You know, you guys can call me stupid(or any other name you want) but here is what I paid for DIRECTV equipment:

Upgrading from old Radio Shack receiver and 18" dish

1. $99 for a H20 in July of 2006. Included free installation of 5LNB dish and new wiring, plus install of $49 OTA antenna and wiring. Waited 1 month for installation.

2. $0 for additional H20 when I had the 1st one for 6 months. Installed myself.

3. $299 for HR20 from Best Buy in Feb of 2007. Installed myself.

4. $280 for black HR20 bought won e-bay auction(included shipping) in April of 2007. Installed myself and added a WB68 multiswitch myself.

5. $165 for used HR10-250 in August won on e-bay auction. $20 for new access card. Maxed out WB68.

Why did I pay so much? Because that was the price quoted(and in the e-bay cases the price I offered). I was not about to pretend I was going to cancel my service because that would not be honest. I wanted the best in HD programming and Sunday Ticket and Super Fan. Also Extra Innings. I am a very long term customer, like from the beginning, and I didn't feel it necessary to whine and cry about that. 

I've tried Charter cable HD and the DVR's suck and the PQ stinks. DISH does not have Sunday Ticket so that is out too.

Call me a fanboy, bozo, idiot, anything you want, but I am not going to whine and cry for a special deal. If that's your thing, I hope you use the money you saved wisely.  

I'd like DIRECTV to be around for a long time. :lol:


----------



## hombresoto (Sep 10, 2006)

Ken S said:


> SDizzle,
> 
> Please show me where they state they'll do that. Their agreements say just the opposite. I do know that without the protection plan if they do choose to replace the item they will also renew the two-year commitment.
> 
> ...


FWIW: Whenever I am on a service call and I determine a receiver to be 'bad', I replace it with a new unit, and the customer DOES NOT get charged... that is how it works. Granted, d* may send an empty box to ship the old unit back in hopes of refurbishing it, and if you do not send it back, they WILL charge you. In any case, I have never seen an instance of d* charging for a new receiver when the customers' receiver no longer functioned..


----------



## gcisko (Sep 27, 2006)

Earl Bonovich said:


> Note: Even if you OWNED the boxes... you would still pay the $4.99 mirroring fee.. (which is the same as the "lease" fee you are referring to)
> 
> Sounds more and more like you will be happier with Dish... good luck with what ever choice you make.

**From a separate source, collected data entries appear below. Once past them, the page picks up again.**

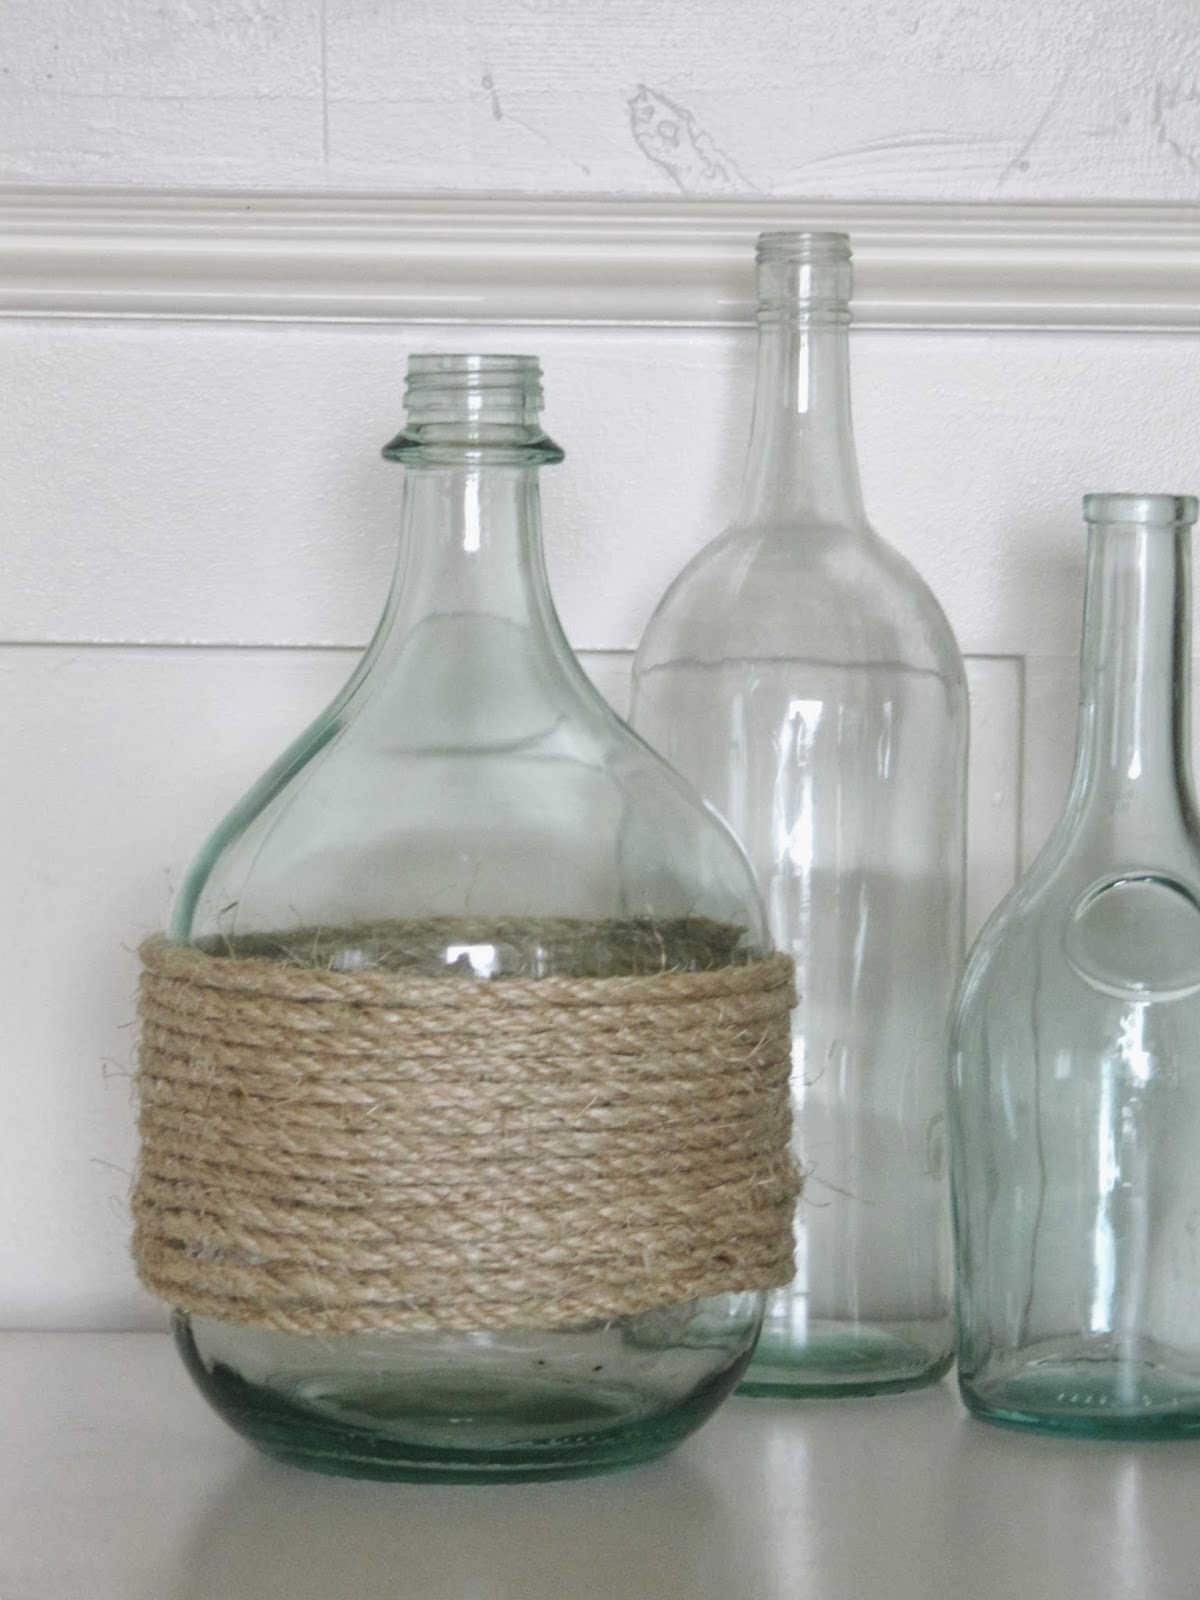 Glass bottle with rope around it, next to two other glass bottles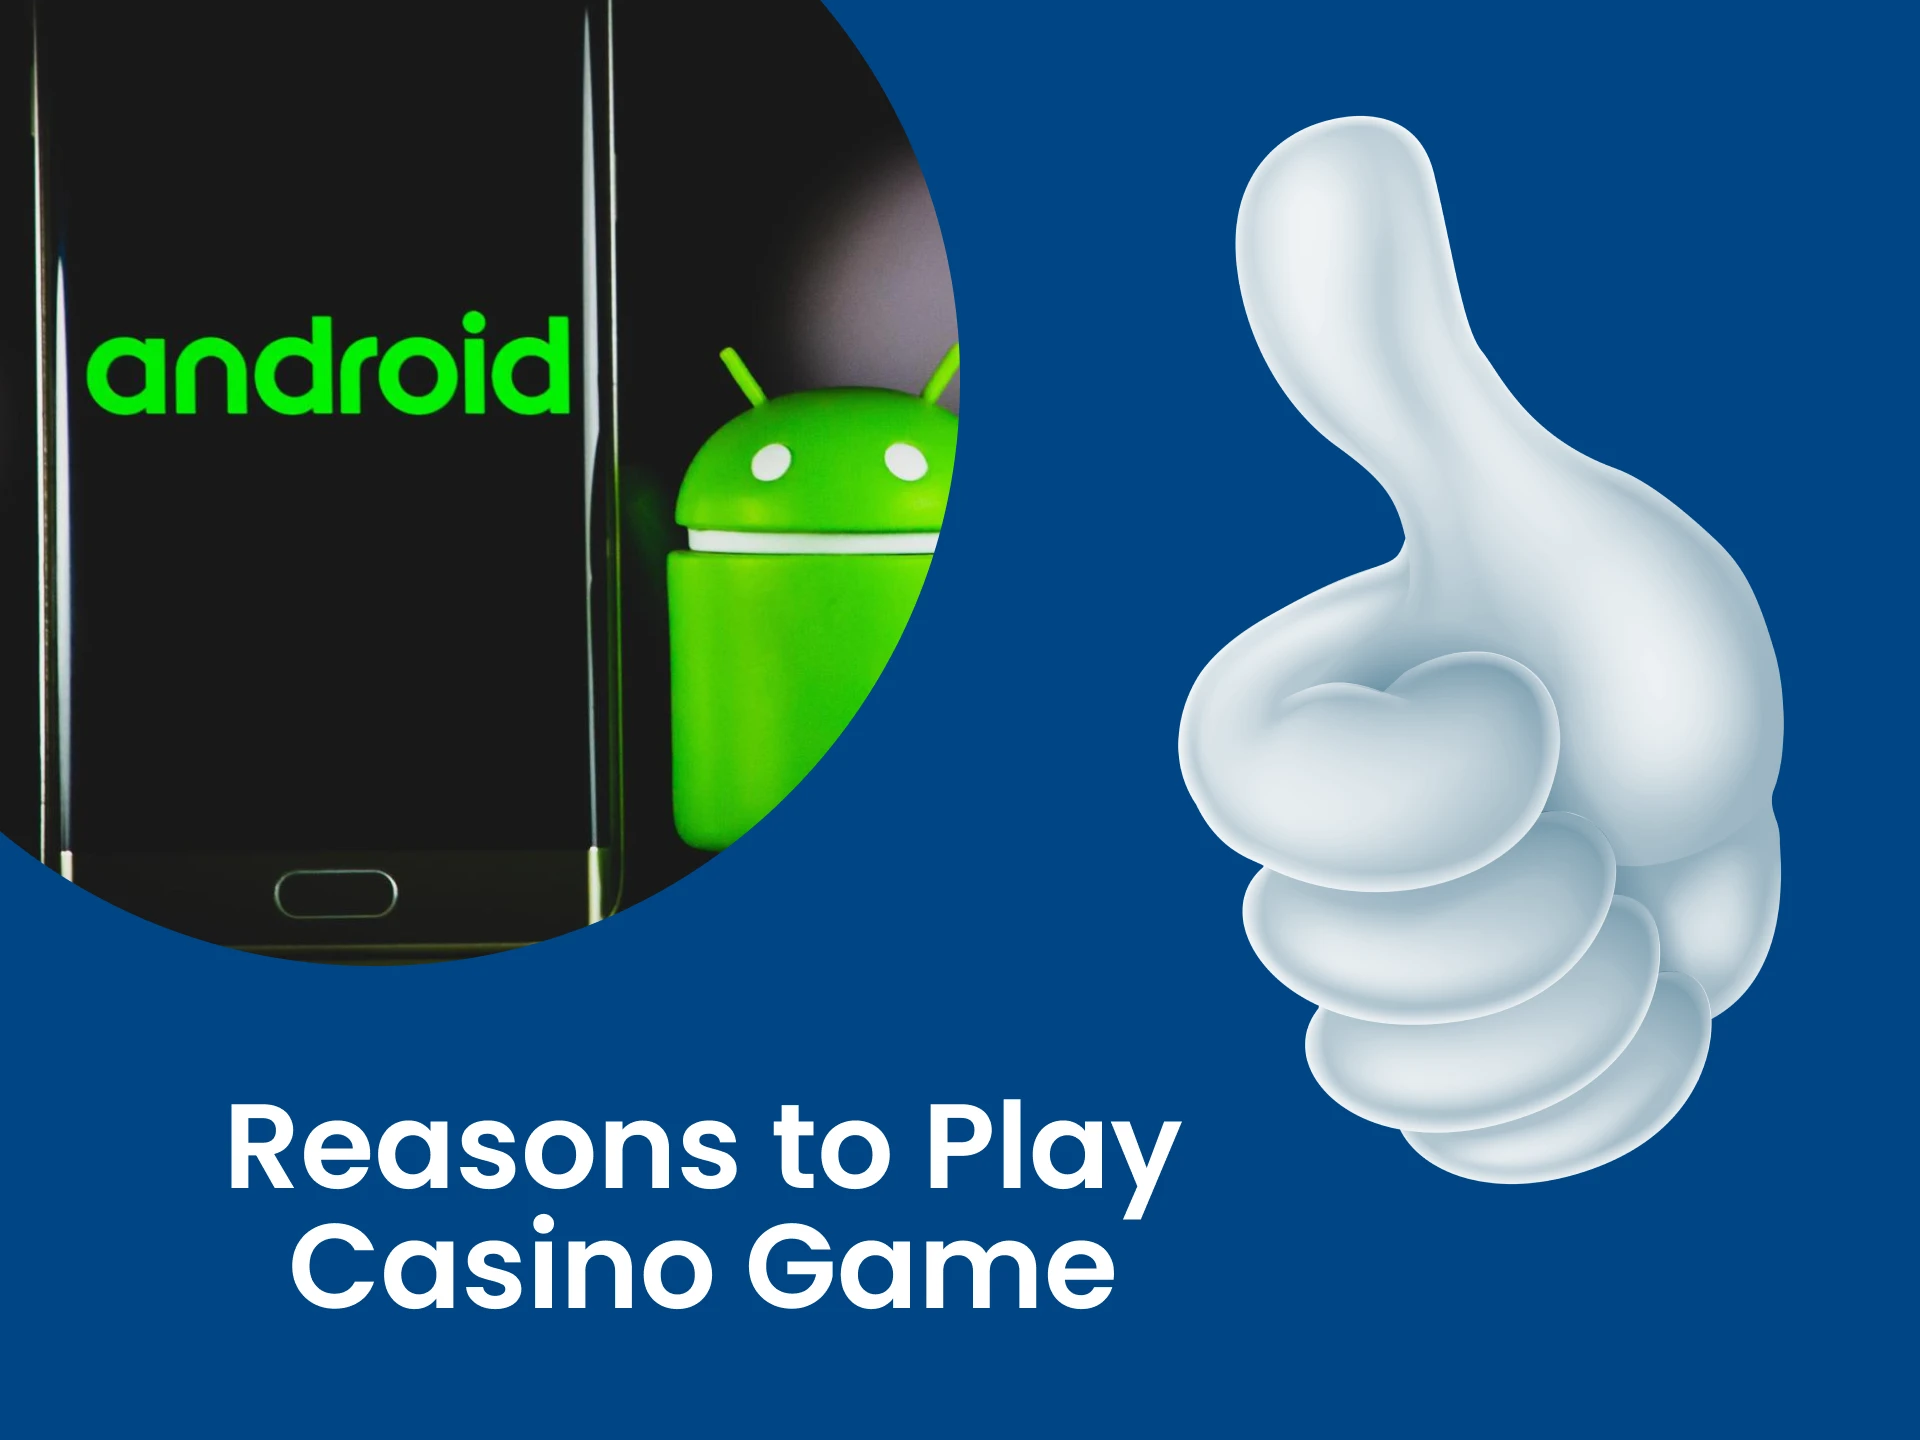 Find out why you should play in a casino through Android applications.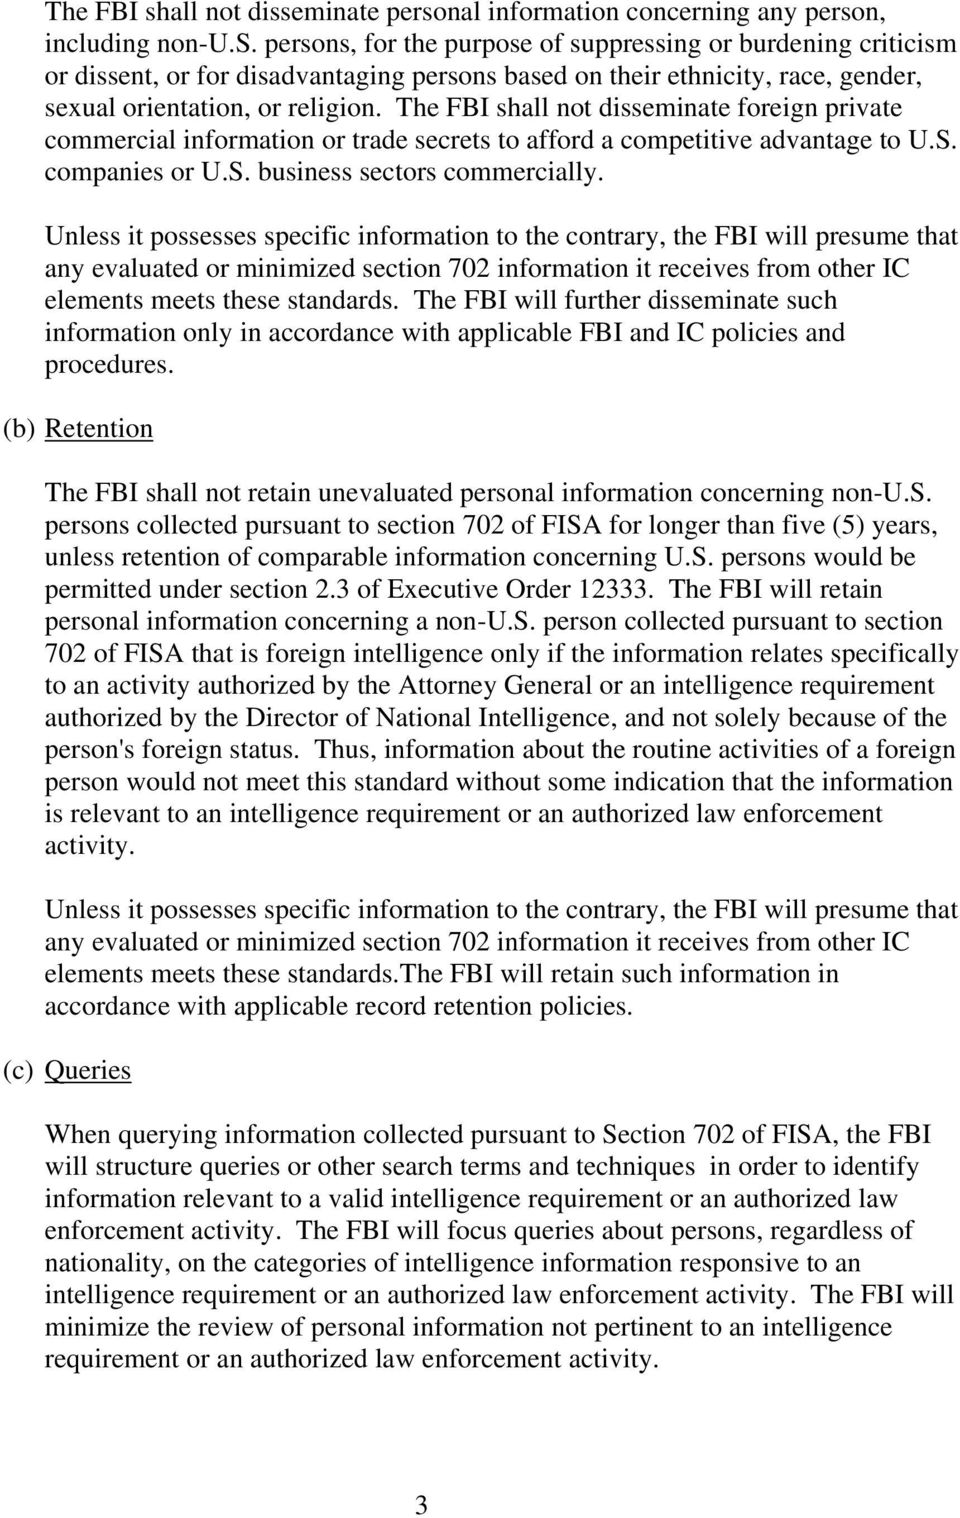 Unless it possesses specific information to the contrary, the FBI will presume that any evaluated or minimized section 702 information it receives from other IC elements meets these standards.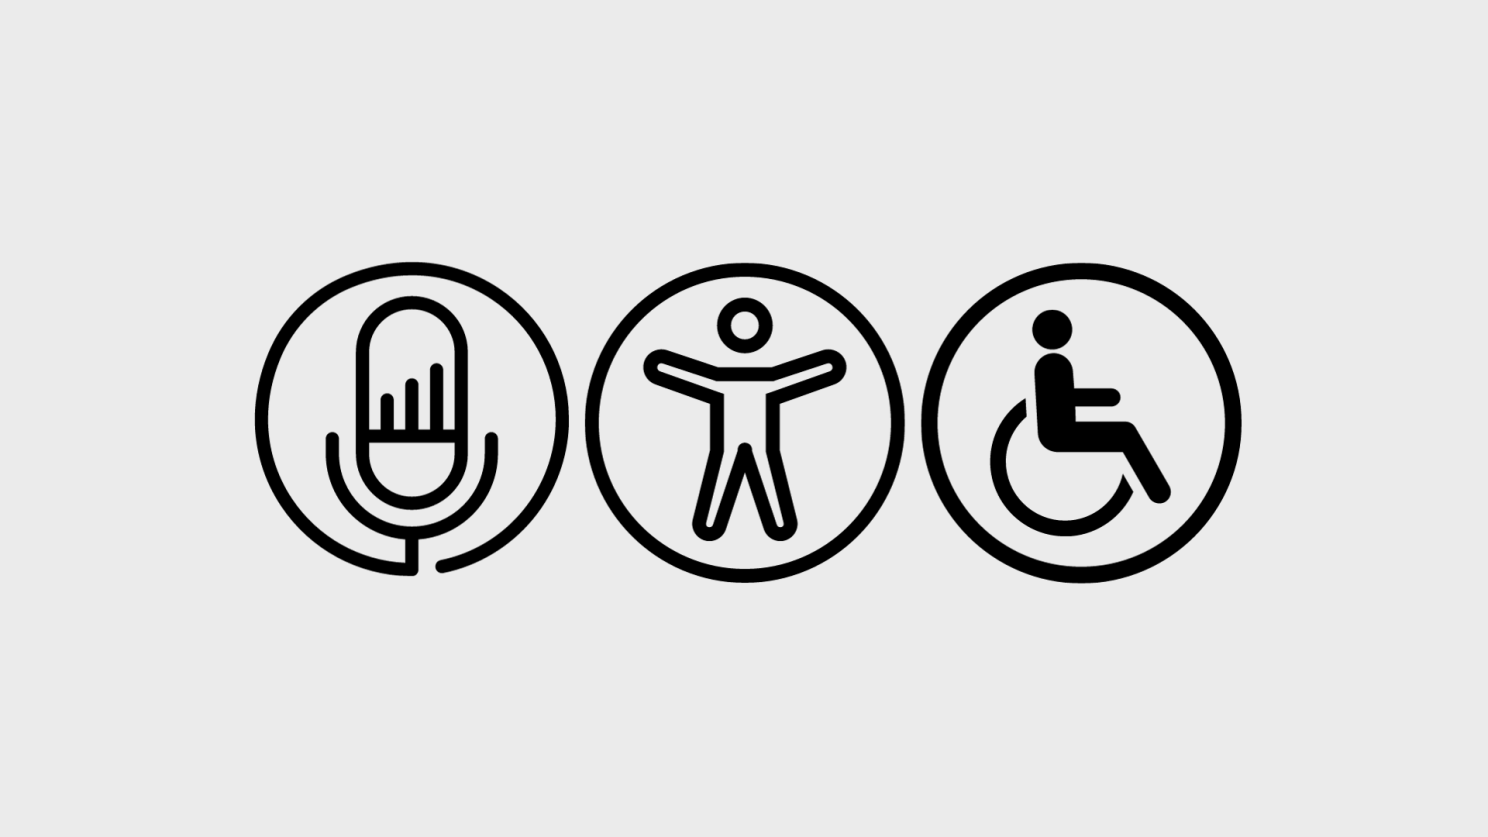 Recruitment within Digital Accessibility – by Joe James, Digital Accessibility Recruitment Consultant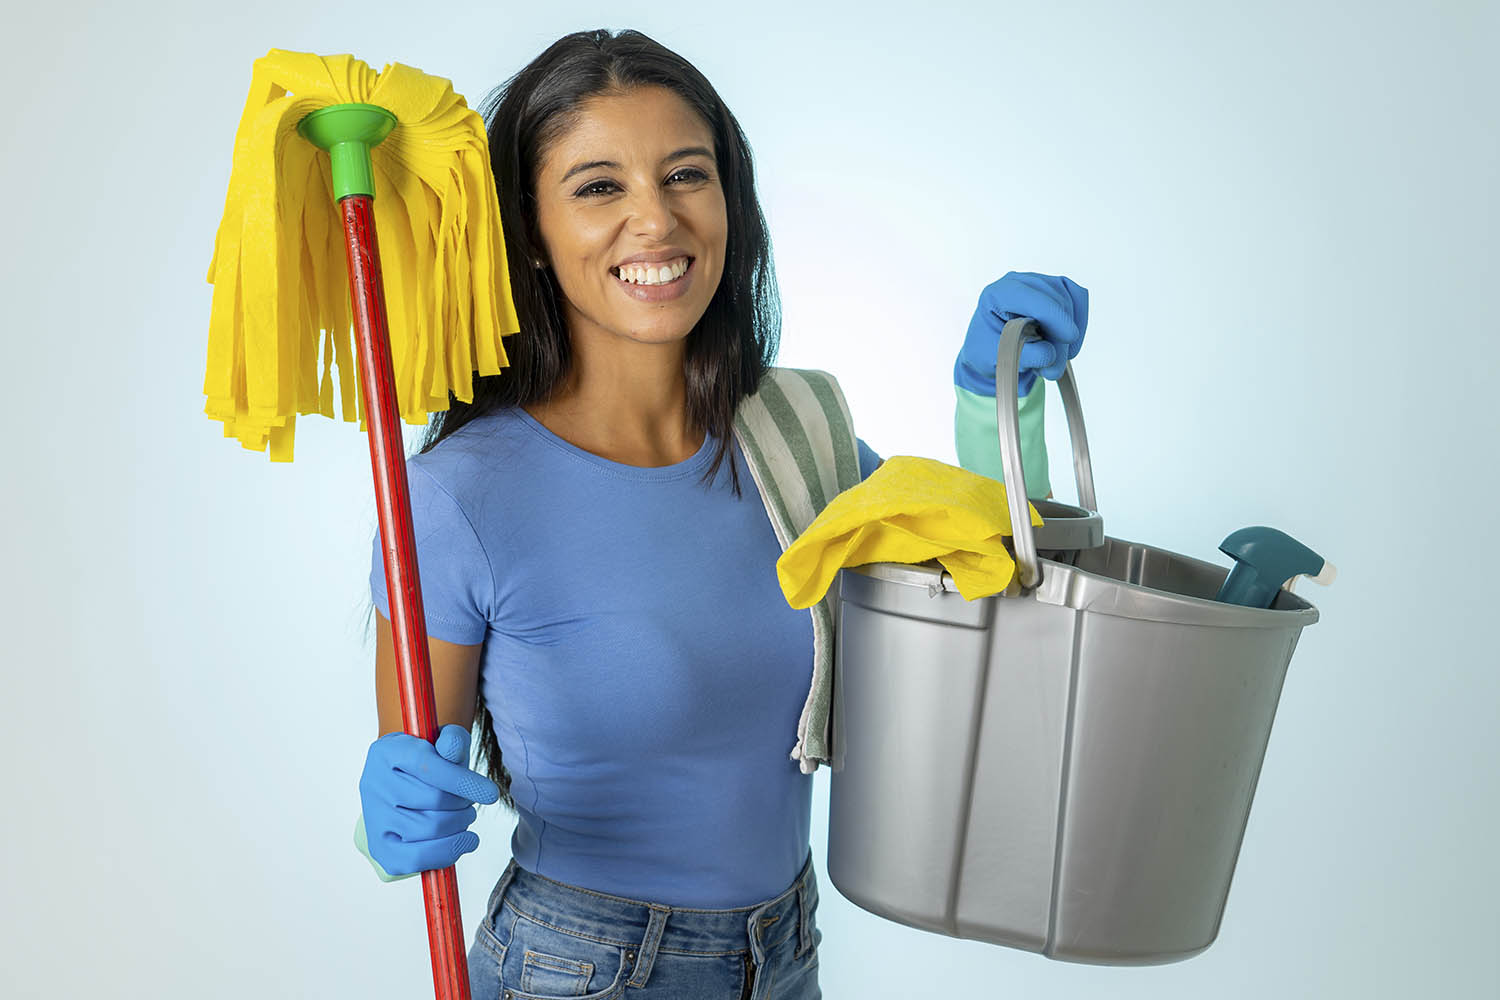 Five things you need to know before hiring a cleaner

Well if I really sit down and think about it, I certainly get upset. First you pay $199 or $200 or even $1000 like you did years ago. That is just for the priviledge of being able to pay the monthly lease/rent fee on the product. At this point I am totally disgusted at the entire sitchEyation.

So I don't think about it, and my account is on autopay


----------



## Earl Bonovich (Nov 15, 2005)

gcisko said:


> Well if I really sit down and think about it, I certainly get upset. First you pay $199 or $200 or even $1000 like you did years ago. That is just for the priviledge of being able to pay the monthly lease/rent fee on the product. At this point I am totally disgusted at the entire sitchEyation.
> 
> So I don't think about it, and my account is on autopay


$45 on my account is mirroring fees...

But it is better then paying $60 for service on each of the systems...


----------



## gcisko (Sep 27, 2006)

Earl Bonovich said:


> $45 on my account is mirroring fees...
> 
> But it is better then paying $60 for service on each of the systems...


The other thing is after 13 months with the HR20, I can certainly see why they would not be giving deals. It works now.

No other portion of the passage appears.